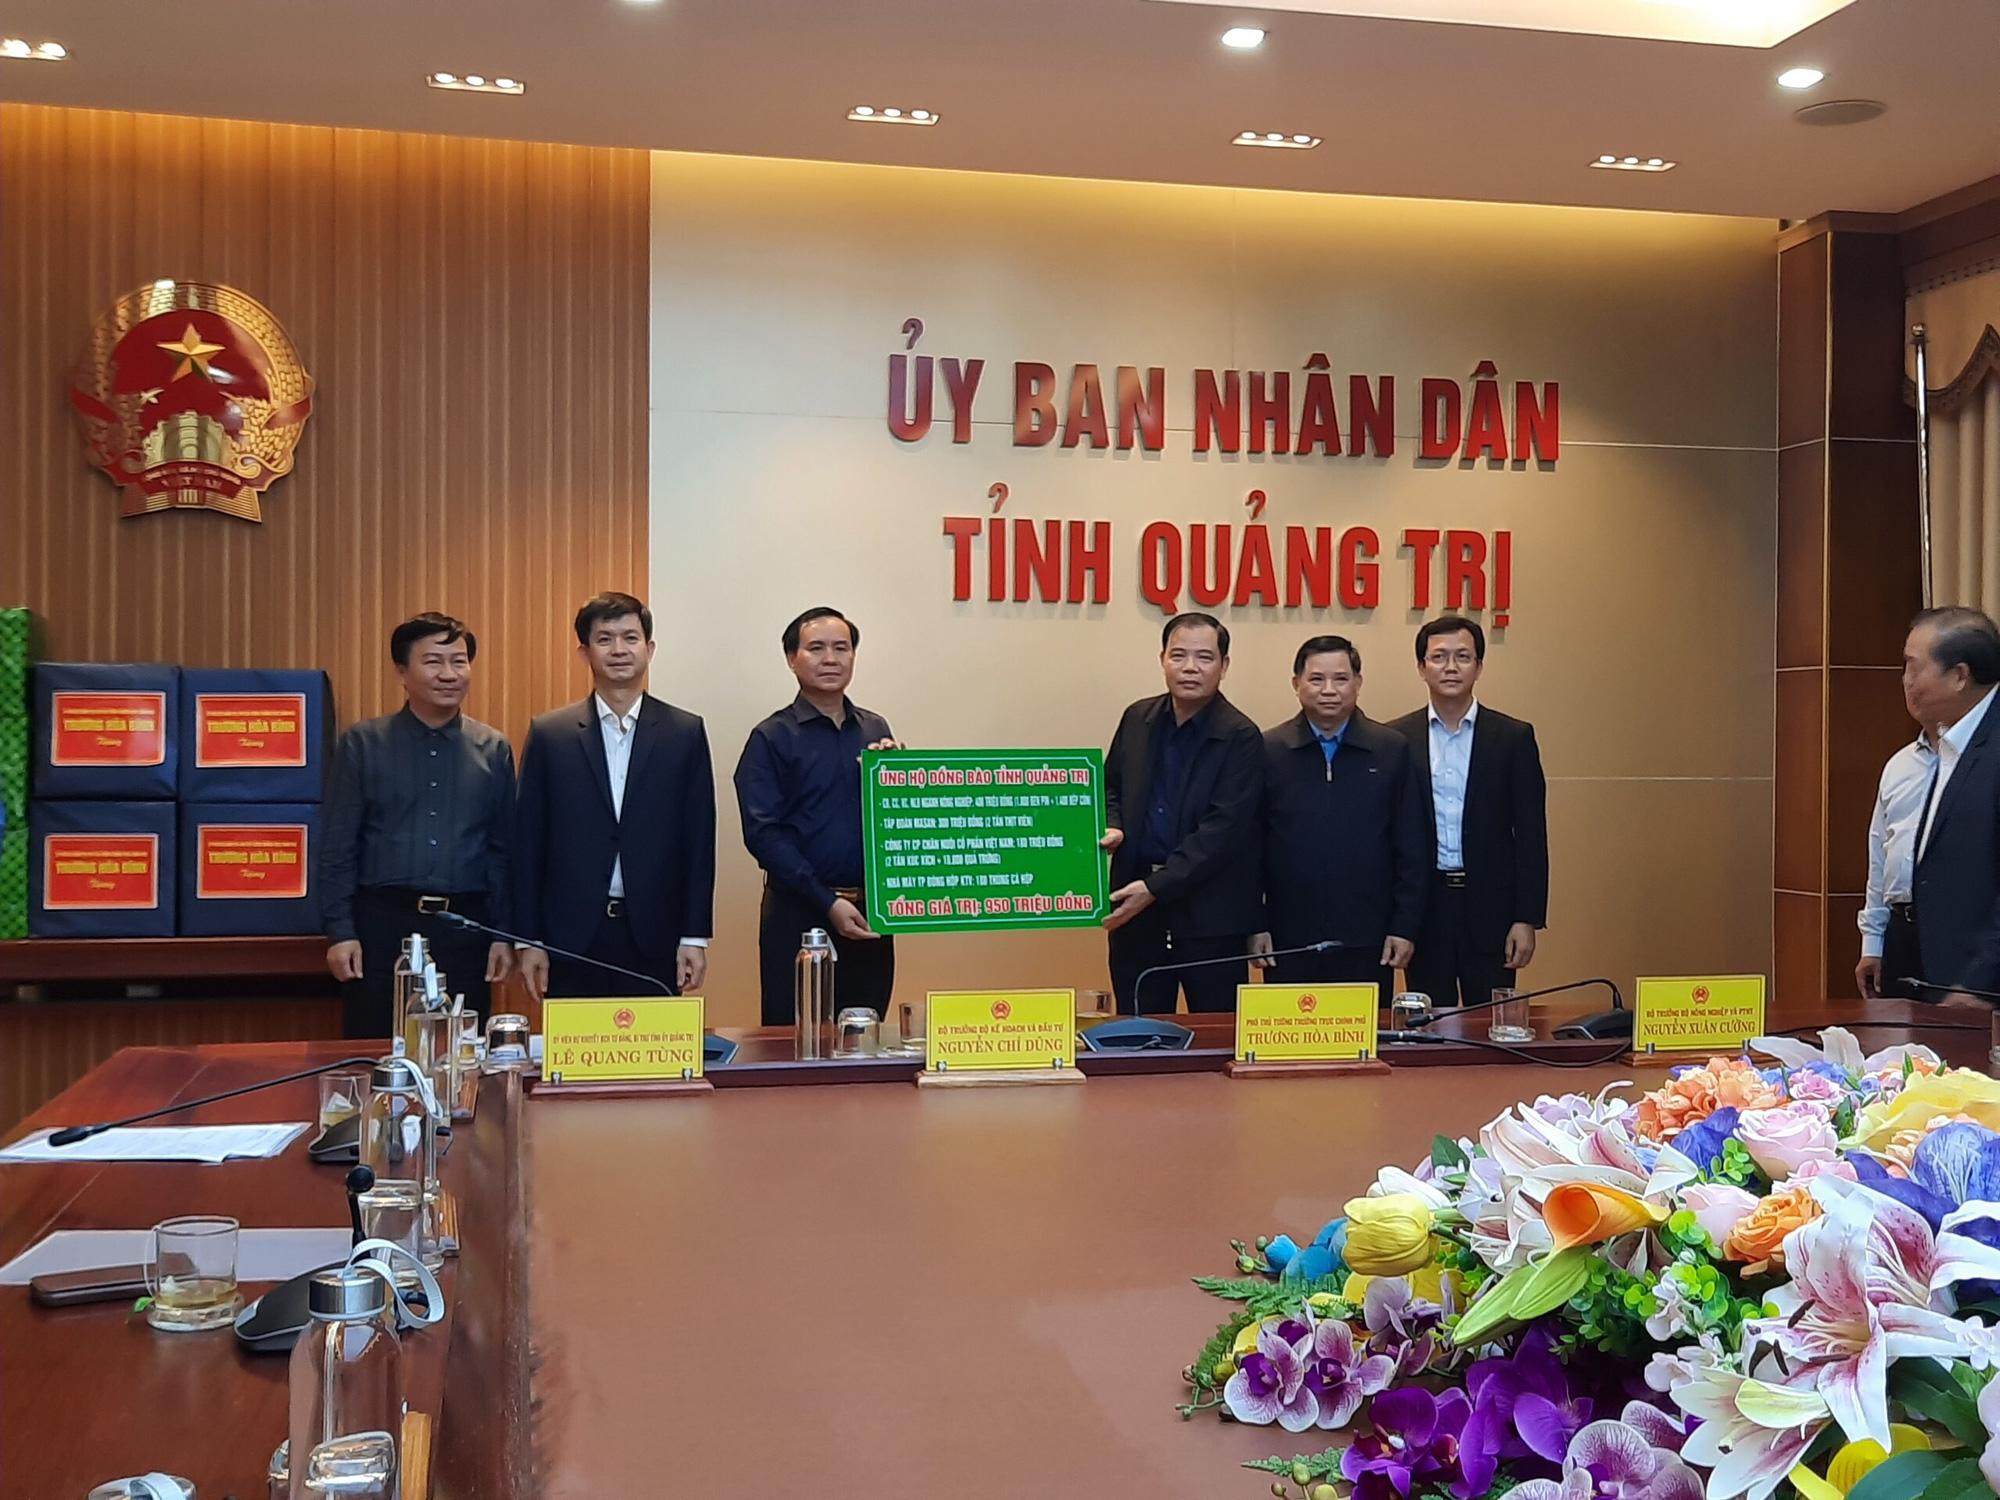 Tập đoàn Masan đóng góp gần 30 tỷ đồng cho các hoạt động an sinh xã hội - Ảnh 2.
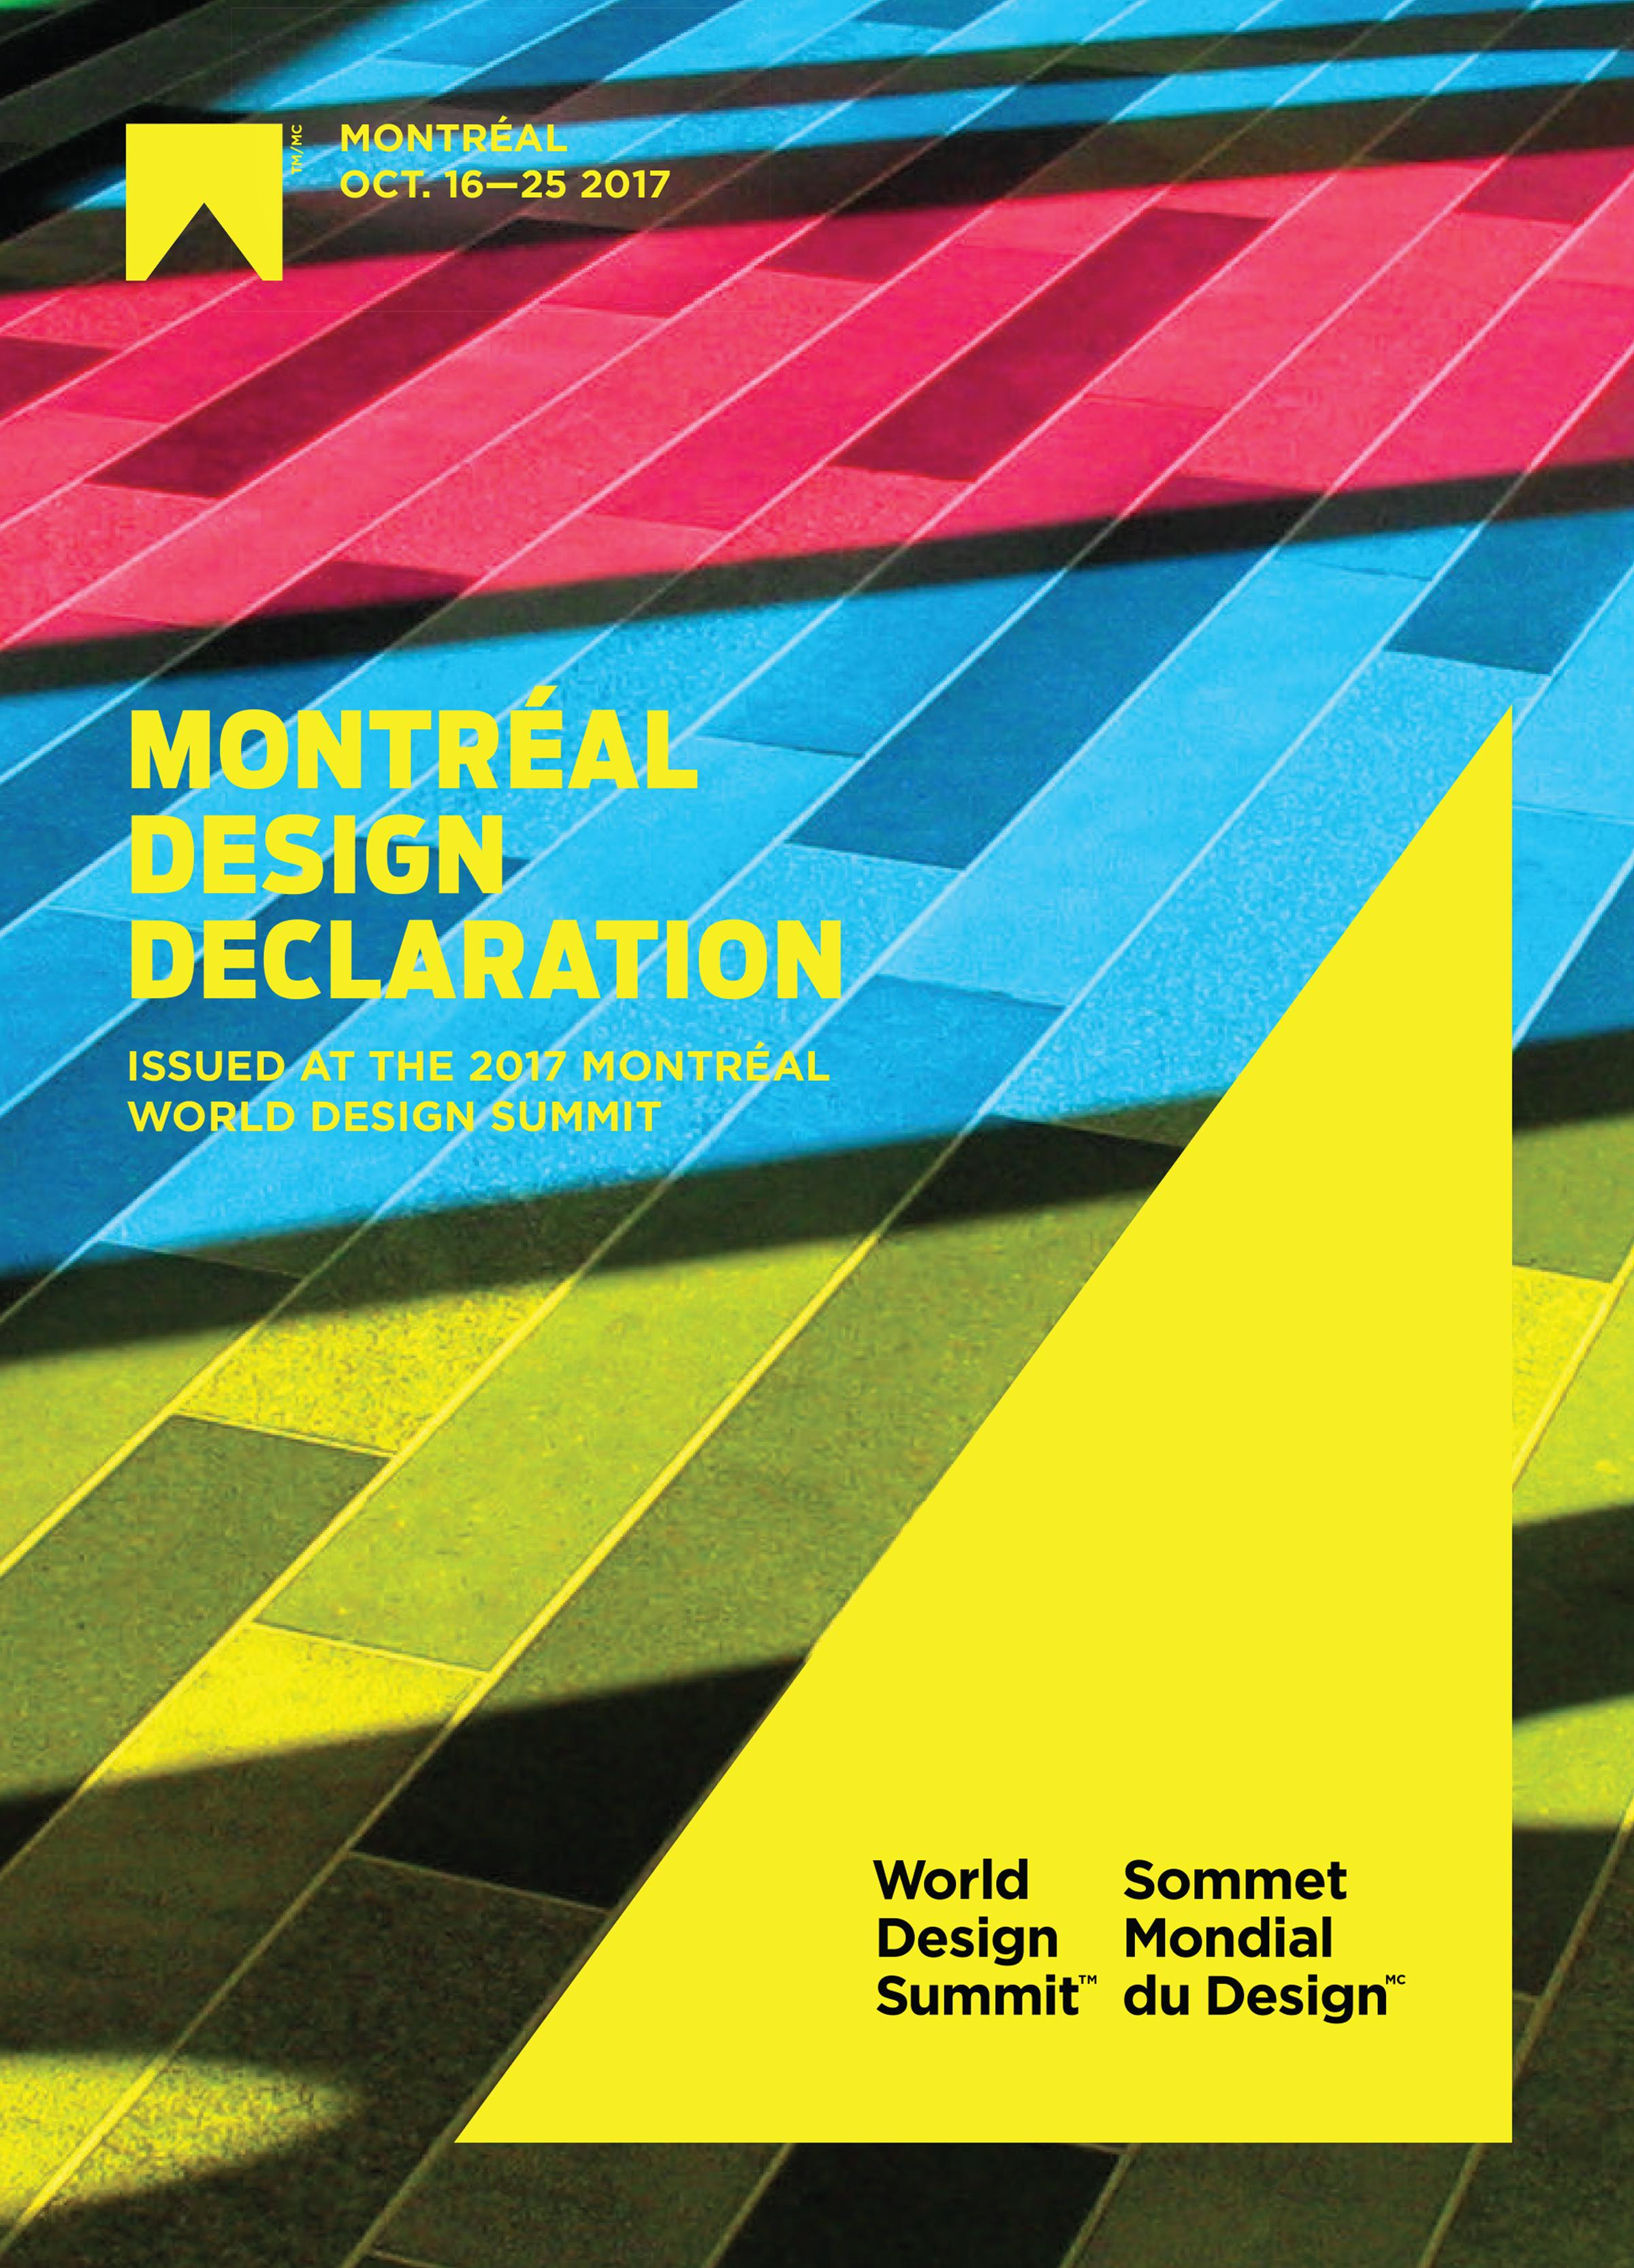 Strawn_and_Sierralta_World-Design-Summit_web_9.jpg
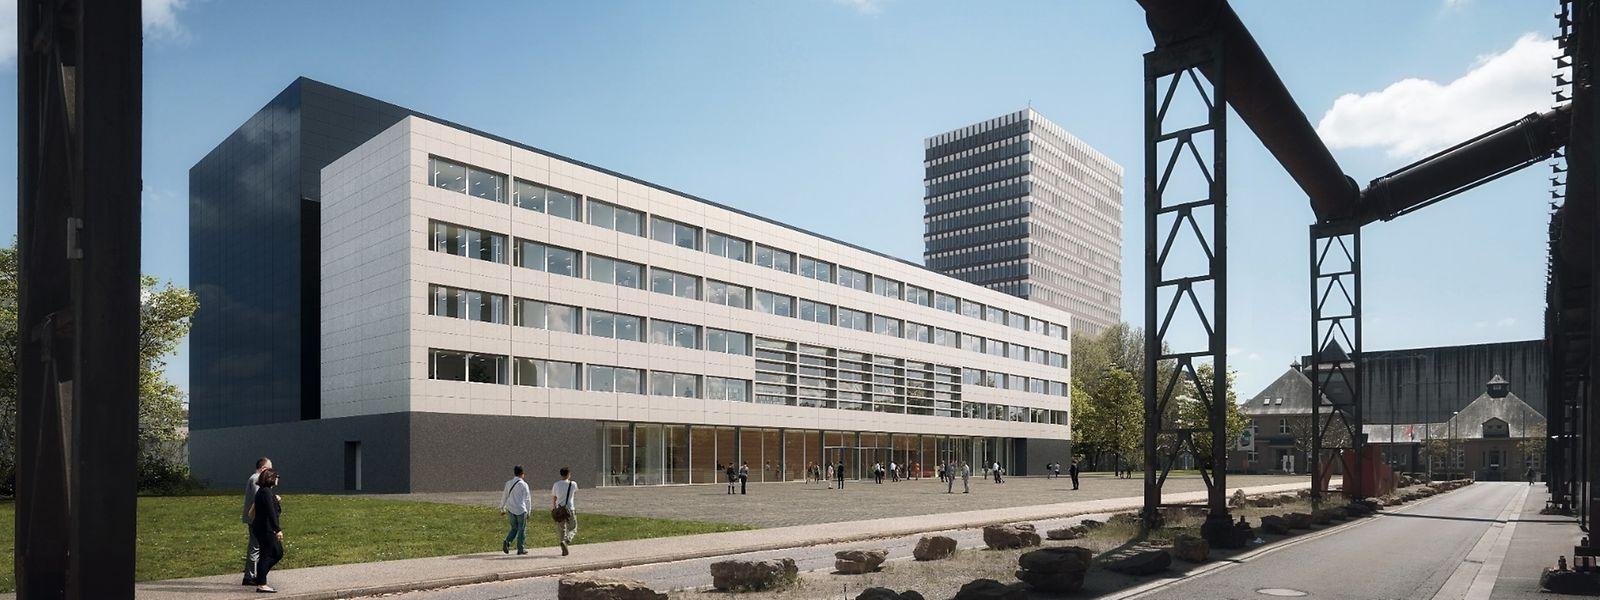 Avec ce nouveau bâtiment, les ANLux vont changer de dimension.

-------------------------

EXERCISE OBJECTIVE — Reprint the listing above verbatim but drop the images.

ANSWER FOR THE TASK —
 Tập đoàn Masan đóng góp gần 30 tỷ đồng cho các hoạt động an sinh xã hội - Ảnh 2.
 Strawn_and_Sierralta_World-Design-Summit_web_9.jpg
 Avec ce nouveau bâtiment, les ANLux vont changer de dimension.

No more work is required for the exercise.